◆ What the exercise asks:
The output should be the listing below, limited to the lines from the one with "music is an internetional language" through the one with "[Image: Buteogallus_meridionalis_-Goias%2C_Brazil_-flying-8.jpg]", exact and without pictures.

--- Source records Enclosed Below ---

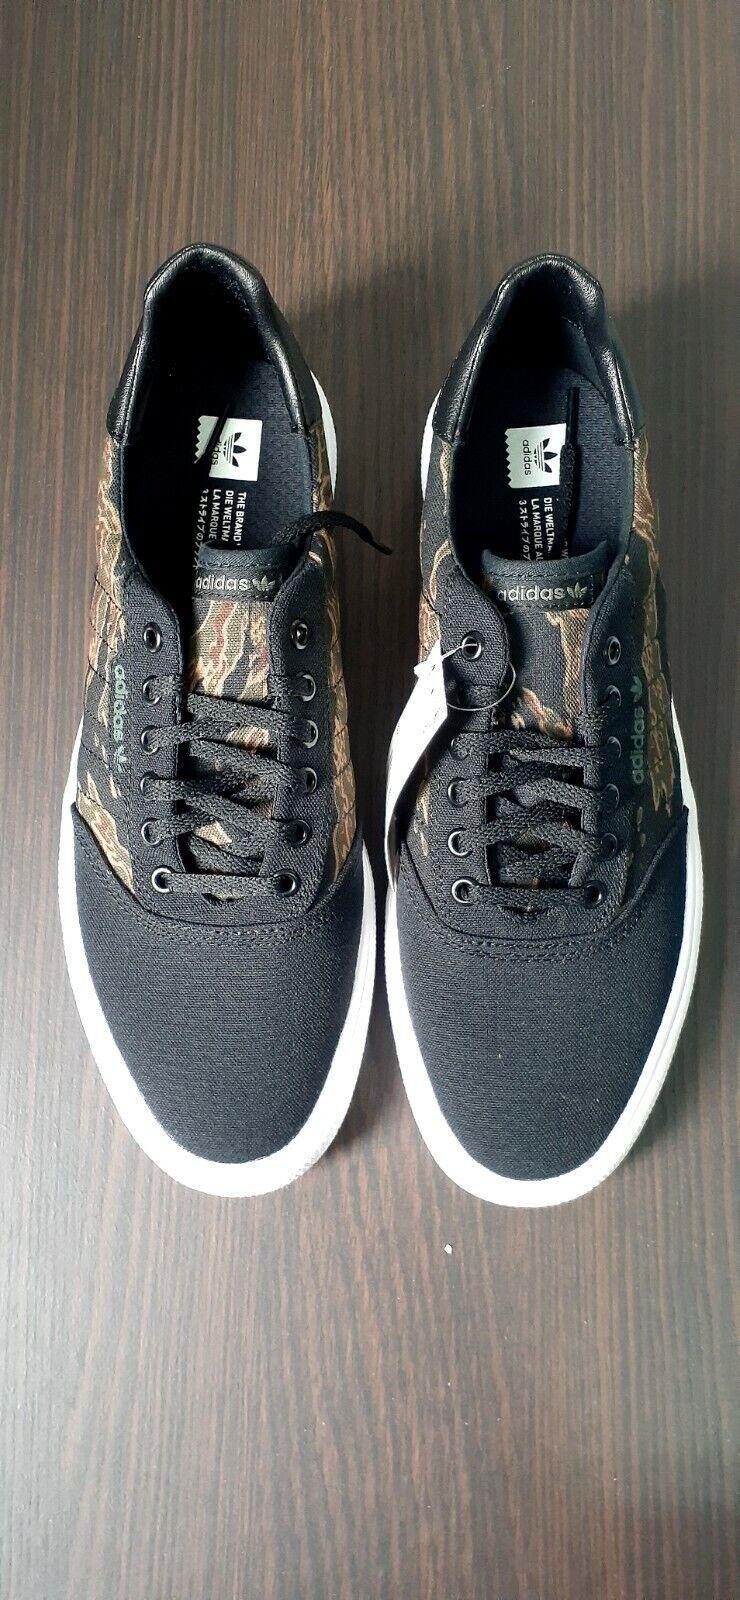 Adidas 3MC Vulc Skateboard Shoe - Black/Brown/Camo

--- End of Enclosed Source records ---
--- Source records Enclosed Below ---

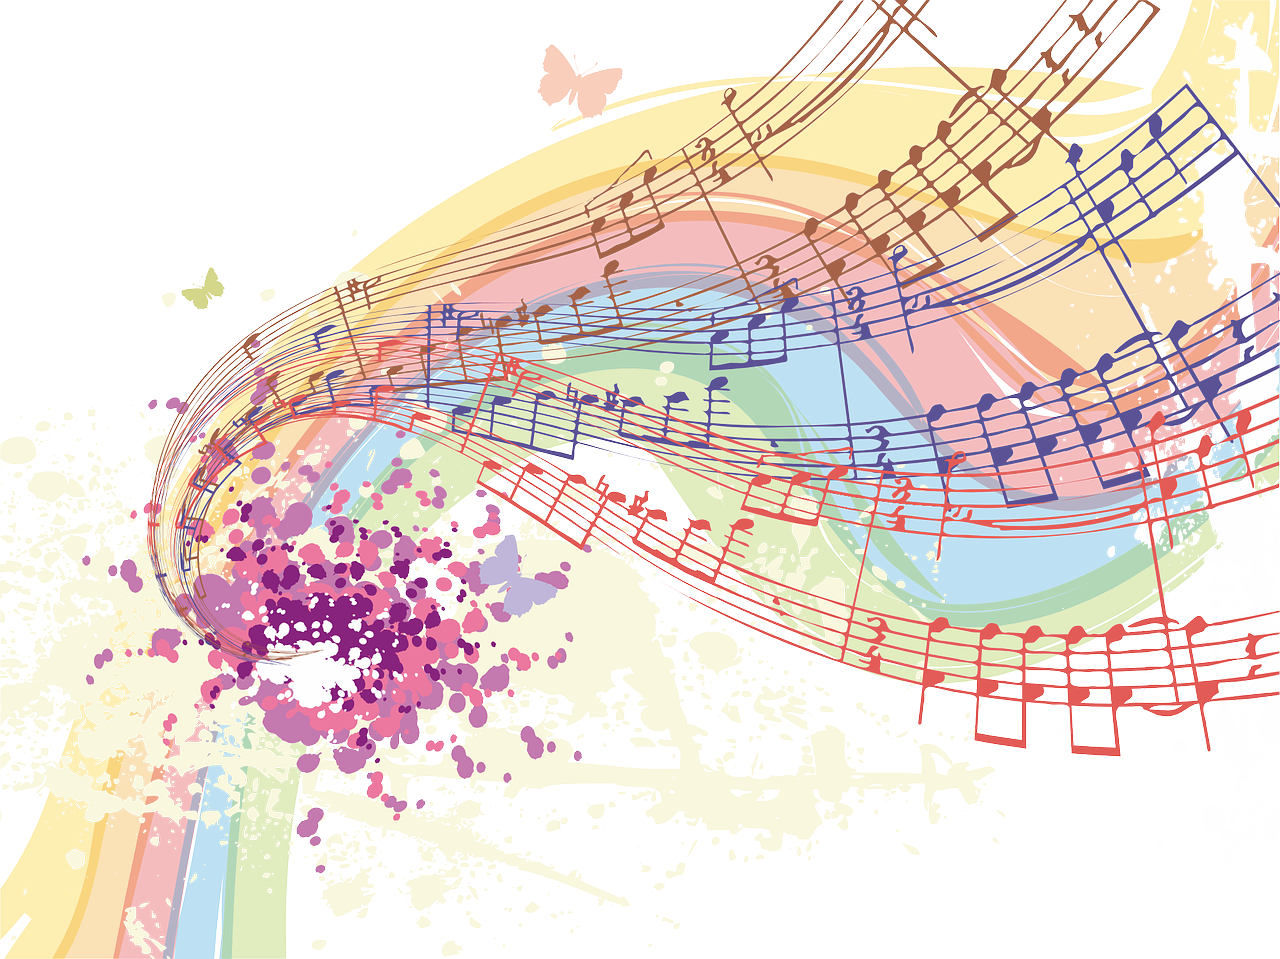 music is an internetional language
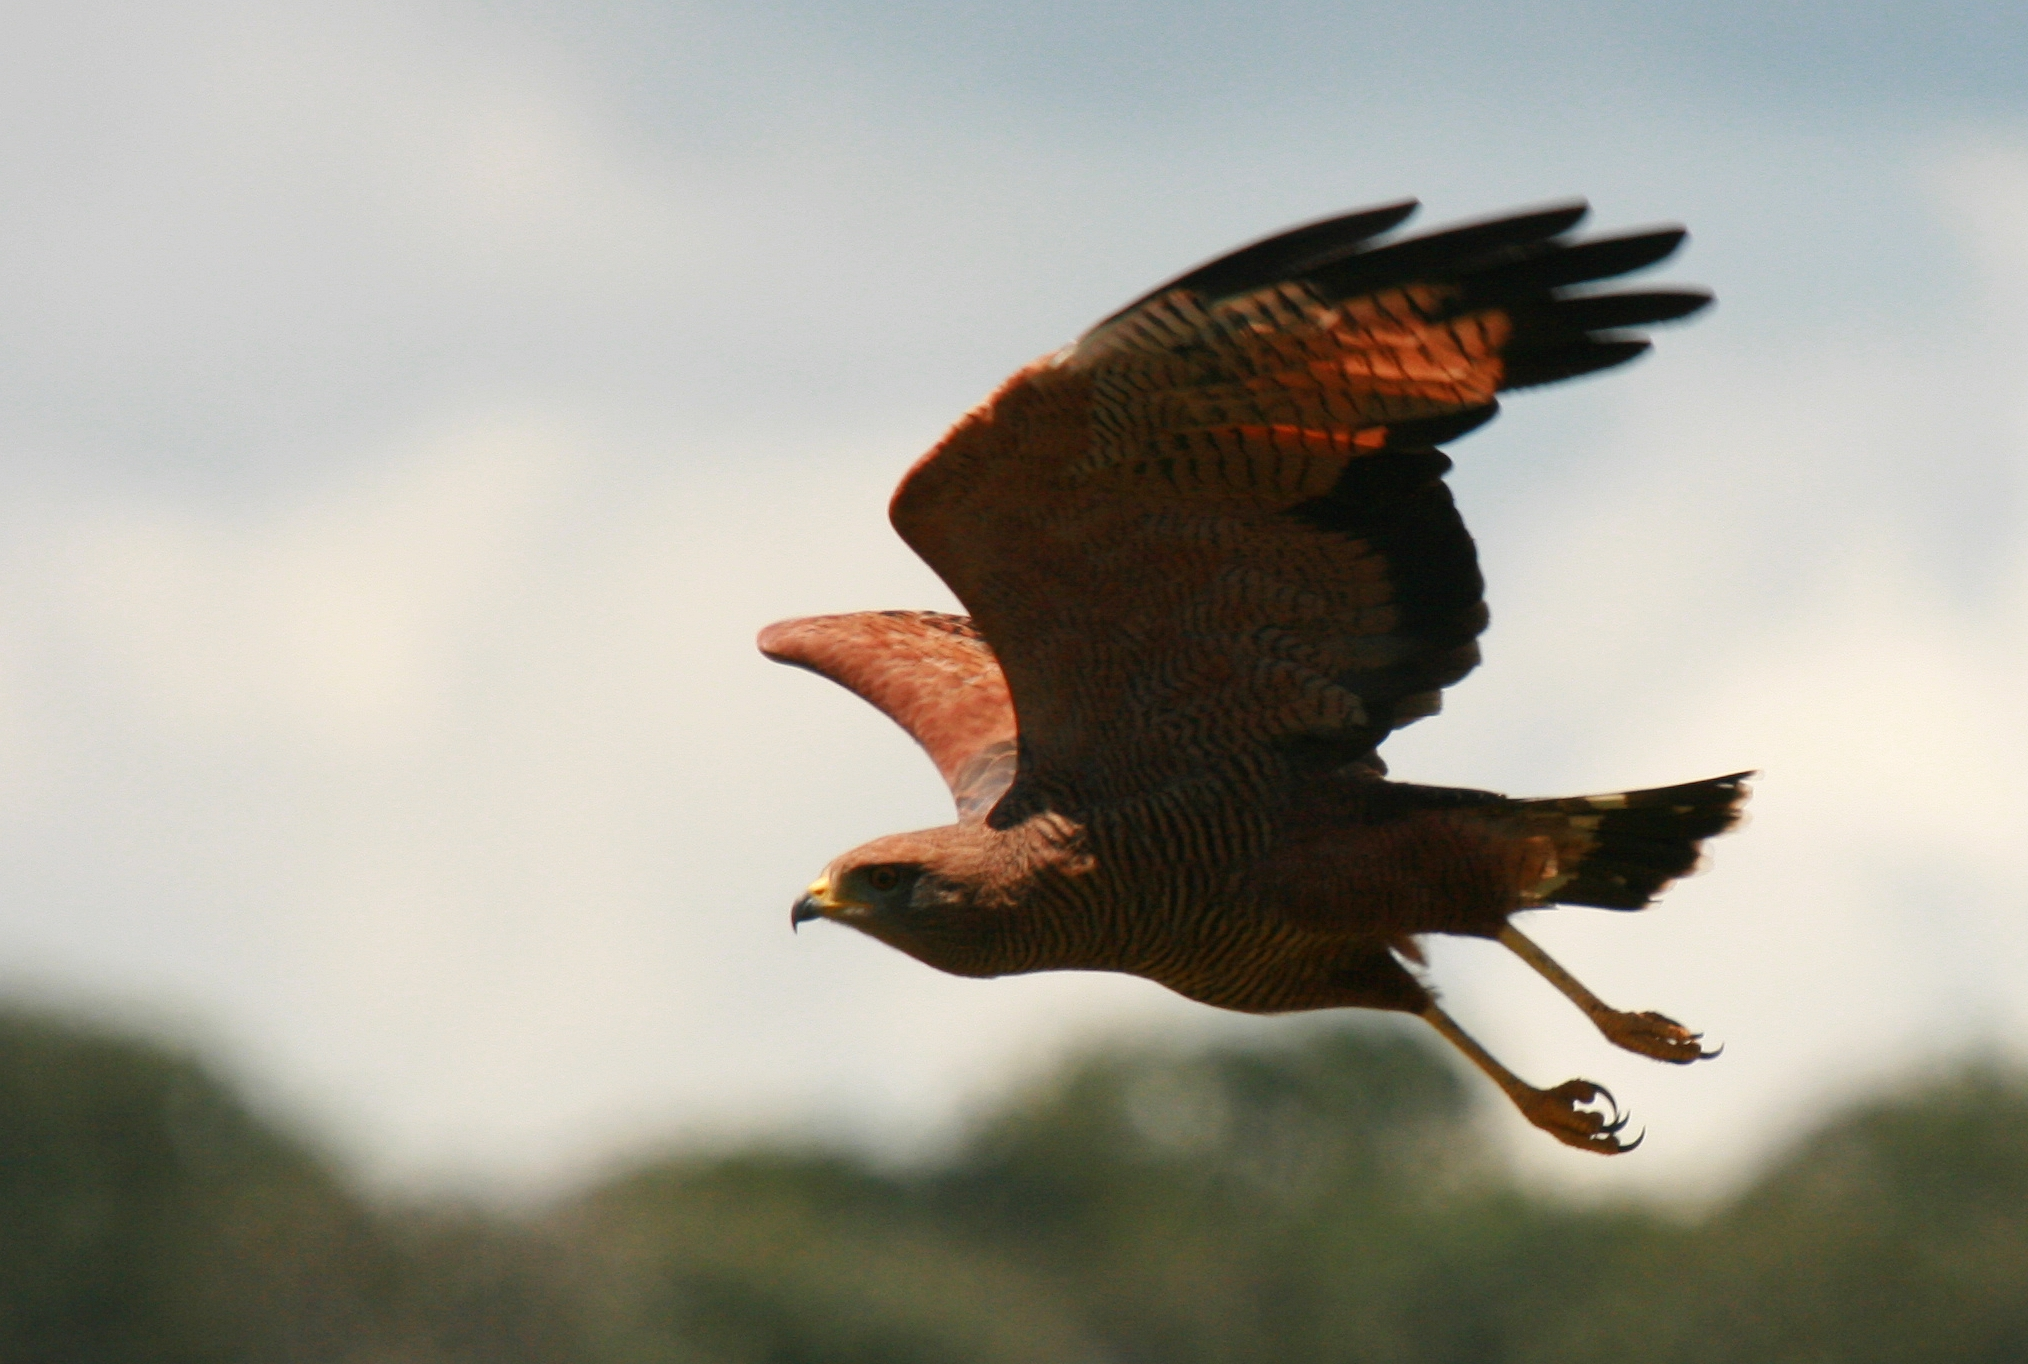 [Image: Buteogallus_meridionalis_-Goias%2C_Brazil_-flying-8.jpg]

--- End of Enclosed Source records ---
--- Source records Enclosed Below ---

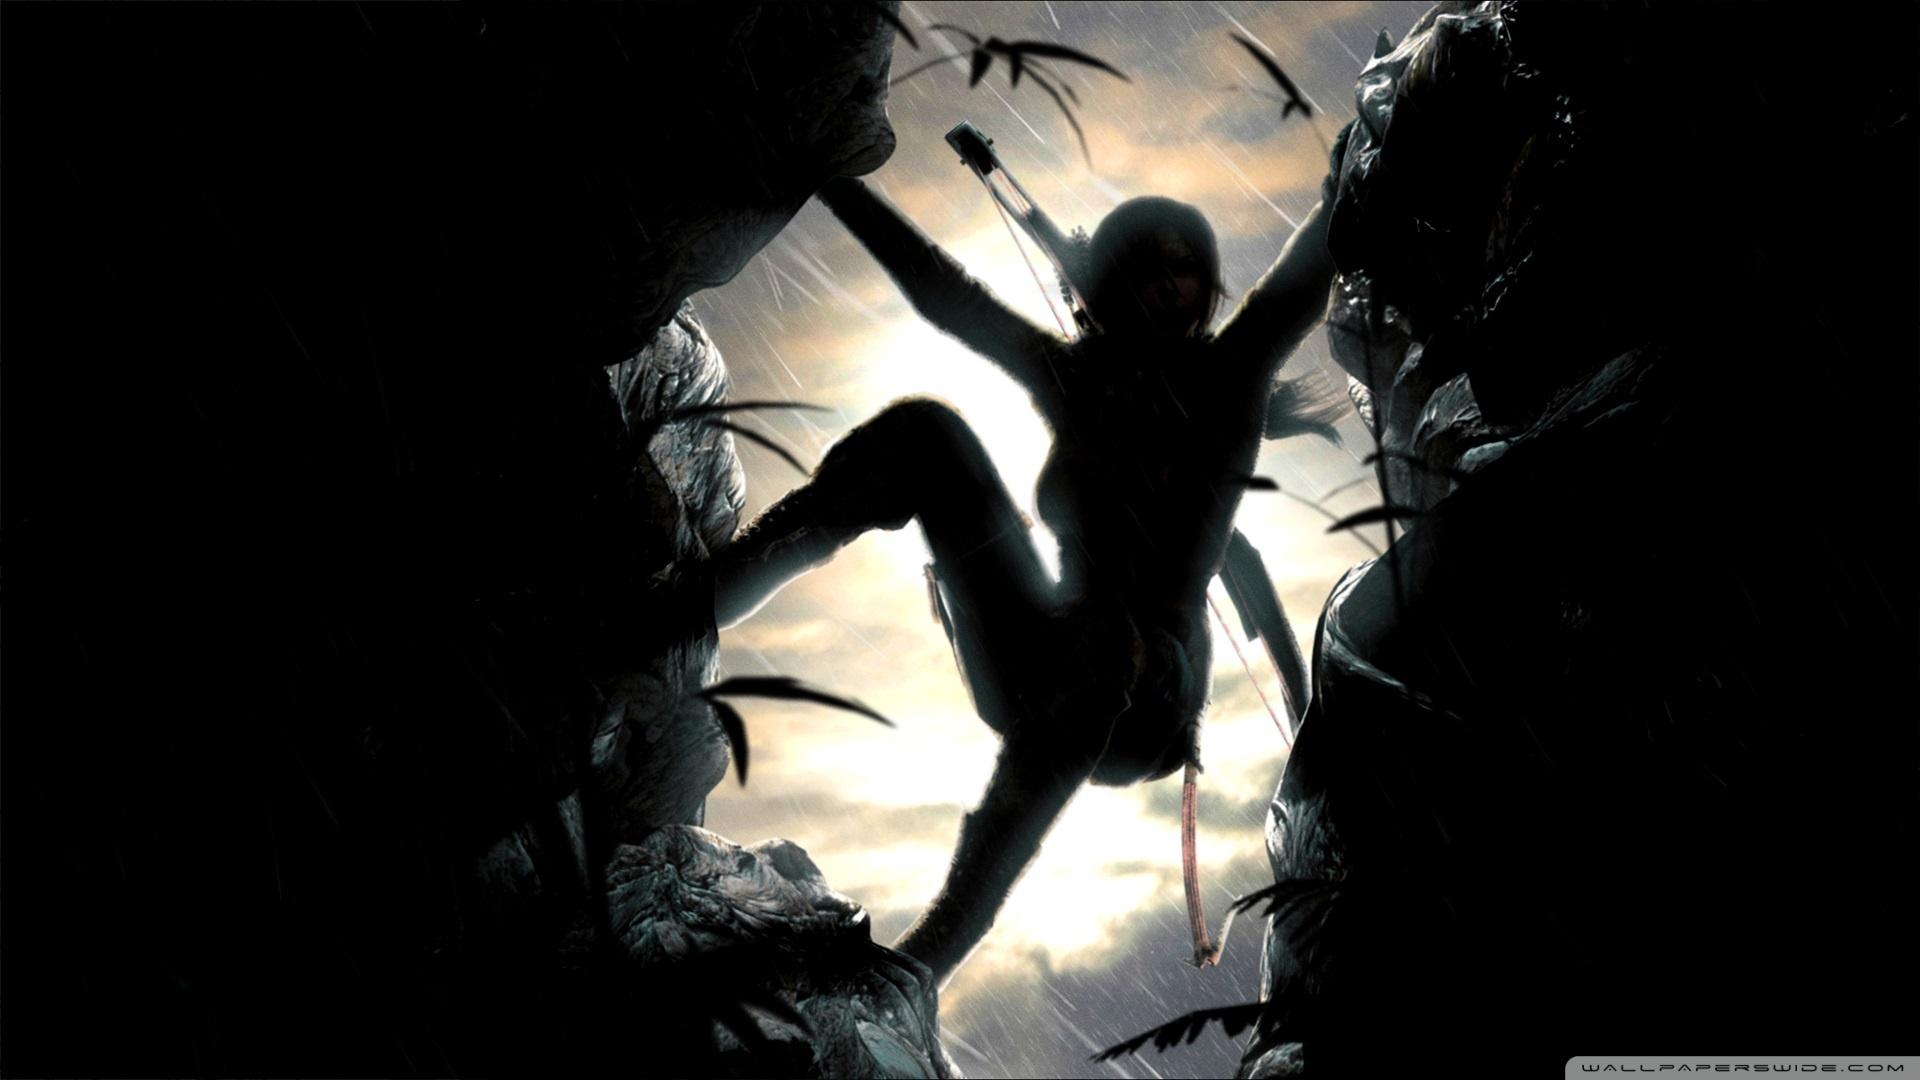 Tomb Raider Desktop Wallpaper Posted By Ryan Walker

--- End of Enclosed Source records ---

◆ Solution to the exercise:
 music is an internetional language
 [Image: Buteogallus_meridionalis_-Goias%2C_Brazil_-flying-8.jpg]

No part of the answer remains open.